More specifically, such a control apparatus sets a target upstream air-fuel ratio (target air-fuel ratio of the catalyst inflow gas) to a “target rich air-fuel ratio smaller than the stoichiometric air-fuel ratio”, when the apparatus determines, based on the output value Voxs of the downstream air-fuel ratio sensor, that a state/condition of the catalyst becomes an oxygen excess state (lean state). Further, the control apparatus sets the target upstream air-fuel ratio to a “target lean air-fuel ratio larger than the stoichiometric air-fuel ratio”, when the apparatus determines, based on the output value Voxs of the downstream air-fuel ratio sensor, that the state/condition of the catalyst becomes an oxygen shortage state (rich state).
In addition, the control apparatus changes the target rich air-fuel ratio and the target lean air-fuel ratio based on an operating state of the engine so as to avoid that a drivability worsens because of an engine vibration caused by a large fluctuation of a generated torque of the engine due to a rapid/sudden change in the air-fuel ratio of the engine. That is, for example, the target rich air-fuel ratio and the target lean air-fuel ratio are made closer to the stoichiometric air-fuel ratio so that a difference between the target lean air-fuel ratio and the target rich air-fuel ratio becomes smaller in an operating state in which the drivability easily worsens. Further, there may be a case in which the control apparatus changes the target rich air-fuel ratio and the target lean air-fuel ratio from the different view point even when it is unlikely that the drivability worsens.
Meanwhile, the engine may adopt an evaporated fuel purge section. The evaporated fuel purge section has a canister, which adsorbs an evaporated fuel generated in a fuel tank, and which introduces the evaporated fuel adsorbed in the canister into an intake passage of the engine when a predetermined condition is satisfied. Accordingly, the evaporated fuel is burnt in a combustion chamber of the engine, and thereafter, is discharged into the air. The introduction of the evaporated fuel into the intake passage of the engine is referred to an evaporated fuel purge or a purge. The purge is one of factors that change the air-fuel ratio of the engine. Typically, the control apparatus estimates, based on the output value of the upstream air-fuel ratio sensor, a concentration of the evaporated fuel which is purged, and adjusts a fuel injection amount in accordance with the estimated concentration of the evaporated fuel in order to avoid a “large change in the air-fuel ratio of the engine due to the evaporated fuel purge.” It is not easy, however, to estimate the concentration of the evaporated fuel with high accuracy. Therefore, if the purge is started when the estimation accuracy of the concentration of the evaporated fuel is not high, the air-fuel ratio of the engine may greatly vary, whereby the emission may worsen.

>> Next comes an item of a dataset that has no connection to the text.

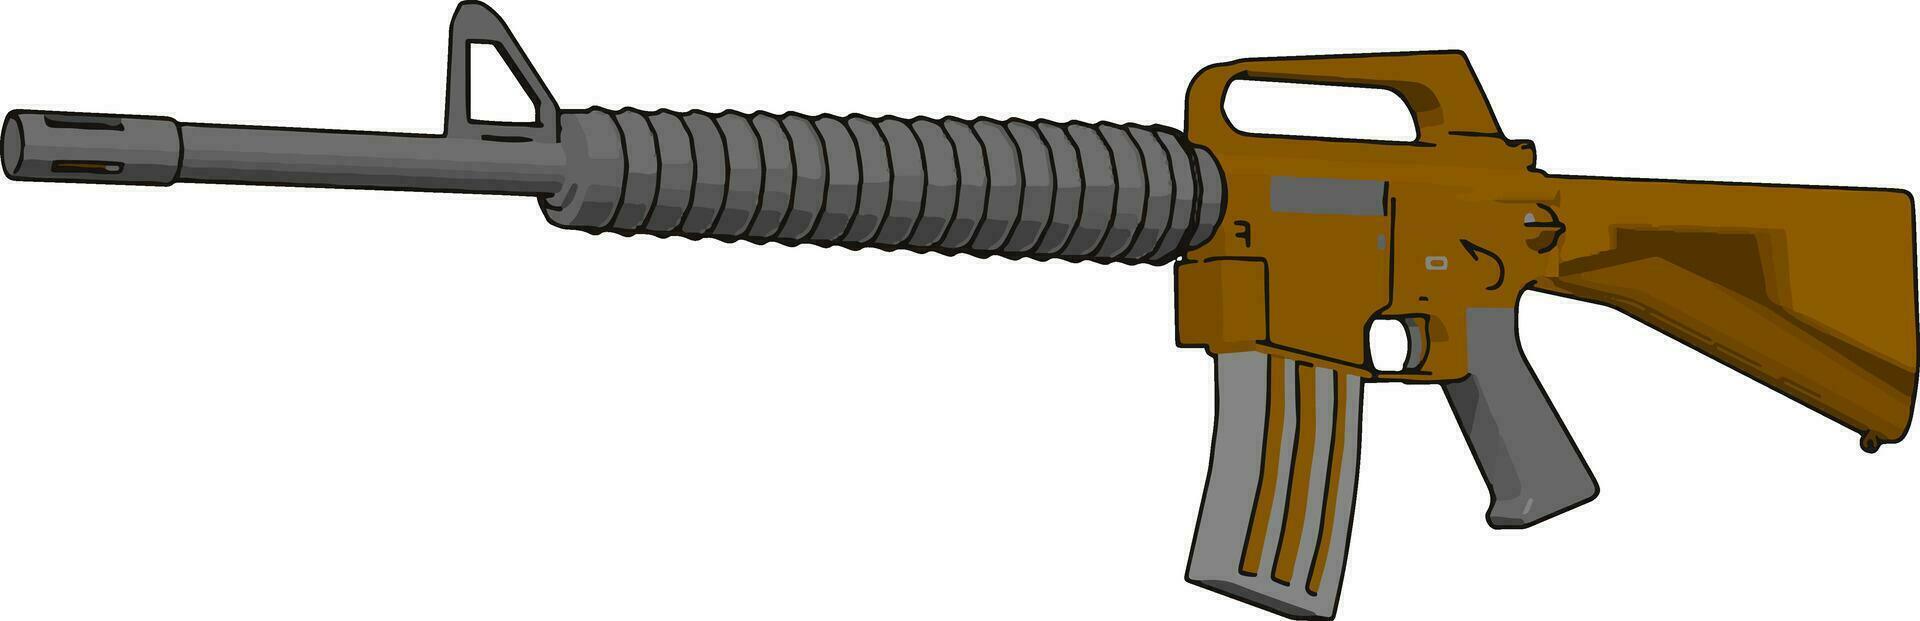 militär gevär pistol, illustration, vektor på vit bakgrund.

The present invention is made to cope with the above described problem. That is, one of the objects of the present invention is to provide a control apparatus for an internal combustion engine, which can reduce a degree of worsening of the emission when the evaporated fuel pure is carried out.
The control apparatus (the present invention apparatus) for an internal combustion engine according to the present invention comprises:
a catalyst disposed in an exhaust passage of the engine;
a downstream air-fuel ratio sensor disposed downstream of the catalyst in the exhaust passage;
a target air-fuel ratio setting section configured so as to set, based on an output value of the downstream air-fuel ratio sensor, a target upstream air-fuel ratio which is a “target value of an air-fuel ratio of a gas flowing into the catalyst” to a target rich air-fuel ratio and a target lean air-fuel ratio, alternately;
a fuel injection valve configured so as to inject a fuel to the engine;
a fuel injection control section configured so as to determine a “fuel injection amount which is an amount of the fuel injected from the fuel injection valve” in accordance with the target upstream air-fuel ratio, and so as to have the fuel injection valve inject the fuel of the determined fuel injection amount;
an evaporated fuel purge section configured so as to introduce an evaporated fuel generated in a fuel tank storing the fuel supplied to the fuel injection valve into an intake passage of the engine; and
an evaporated fuel purge amount control section configured so as to control a purge amount which is an amount of the evaporated fuel introduced into the intake passage by the evaporated fuel purge section.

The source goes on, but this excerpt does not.